Studies the Effect of Particle Size, Binder Ratio and Pressure on Compaction Energy of Water Hyacinth Briquettes
Background and Objective: Water hyacinth (Eichhornia crassipes) is a fast-growing, invasive aquatic weed that causes nuisance and threat to eco-diversity. It has the potential to be used as biofuel and particleboard production. Densification of water hyacinth for briquettes will be an alternative energy source and a strategic way of managing the menace created by the weed. This study investigates the effect of binder ratio, compaction pressure and particle size on the compaction energy of water hyacinth briquettes. Materials and Methods: The water hyacinth samples were manually harvested, cleaned, sun-dried, milled and sieved. The briquettes were produced at three particle sizes of 0.5 mm (D1), 1.6 mm (D2) and 4 mm (D3), four compaction pressure levels of 3 MPa (P1), 5 MPa (P2), 7 MPa (P3) and 9 MPa (P4) and five binder levels of 10% (B1), 20% (B2), 30% (B3), 40% (B4) and 50% (B5) by weight of each feedstock using cylindrical die. A Randomized Complete Block Design experiment at combinations of DiPiBi was employed. Results: The results showed that compaction energy varied from 7.42±0.66 kJ/kg (B4) to 11.34±1.27 kJ/kg (B3) for all the produced briquettes at all binder levels. The mean compaction energy ranged from 6.59±0.42 kJ/kg (D1) to 13.68±1.16 kJ/kg (D3) for all the particle sizes. Conclusion: Compaction energy of water hyacinth briquette increased with an increase in particle size, binder inclusion and compaction pressure.
INTRODUCTION
The water hyacinth plant is a fast-growing, invasive aquatic weed. It has a detrimental impact on fishing, hydropower, marine transportation, biodiversity, aquatic life and irrigation systems in the Niger Delta, Nigeria1. Aquatic plants such as water hyacinth, lily and lettuce pose a danger to biodiversity2. With great potential for use as energy-producing materials, aquatic plants are a renewable energy source. Nigeria produces a lot of aquatic plants every year, but they are hardly ever used. Using loose aquatic plants as feedstock for bio-based products and fuels is significantly hampered by the costs and challenges associated with handling and storing them. These large aquatic plants can be handled more easily and at a lower cost when they are transformed into a denser form for storage, transportation and handling.
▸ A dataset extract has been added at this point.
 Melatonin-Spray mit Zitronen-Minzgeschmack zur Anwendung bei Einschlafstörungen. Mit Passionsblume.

It is sustainable to use biomass to produce pellets and briquettes for biofuel. It will lessen rural communities' excessive reliance on wood cutting for firewood, which is the same as deforestation. Both briquettes and pellets burn cleanly and have the benefit of being stored for extended periods of time without degrading. For various agricultural and aquatic wastes, including rice and coffee husks3, biomass briquettes4, forest wastes5, hazelnut husks6, woody biomass7, water lettuce briquettes8, maize cob9, alfalfa products10, carbonized palm kernel shell and plantain peels11, some researchers have looked into the engineering properties of briquettes.
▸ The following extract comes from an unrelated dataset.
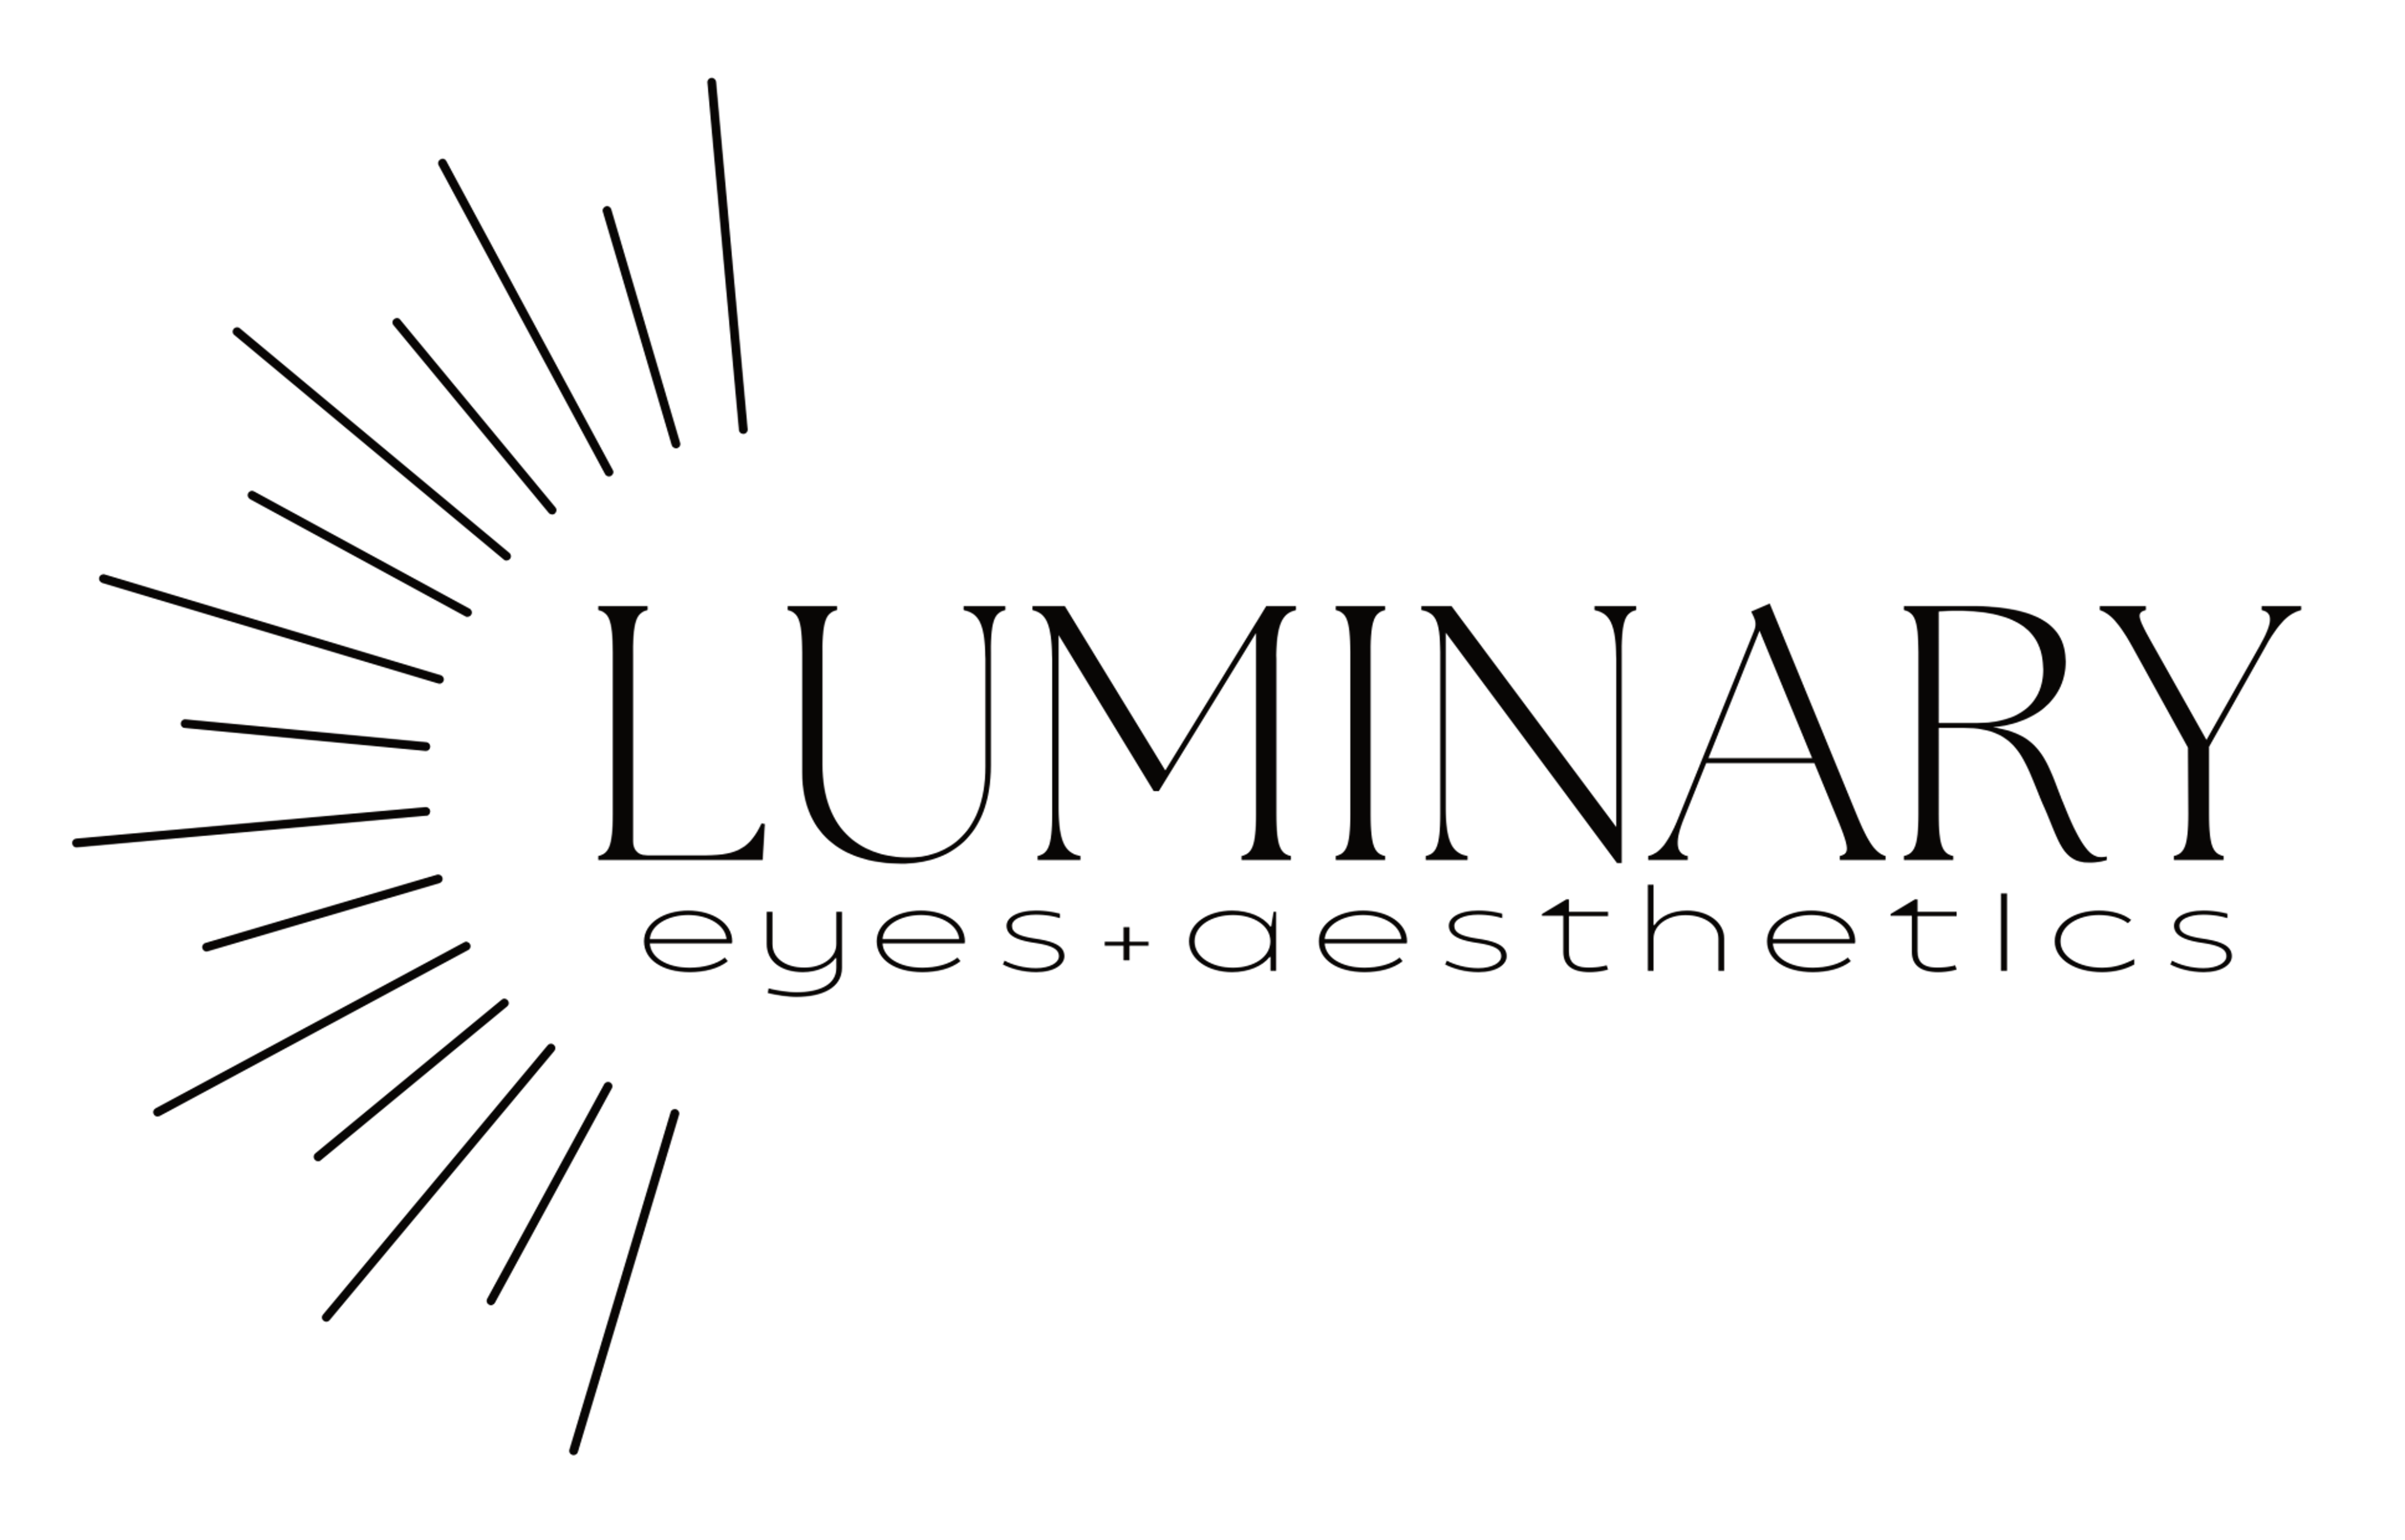 Luminary Eyes + Aesthetics

Other researchers worked on the production of briquettes using ground and unground hazelnut husks6, corncob12, rice husk and coffee pulp13, rice straw14, coffee and rice, ground and unground hazelnut husks6. rice and coffee husks3 and water hyacinth briquettes15. The mixture of rice husk and pine sawdust16, soda weed17 and water hyacinth and plantain peel18.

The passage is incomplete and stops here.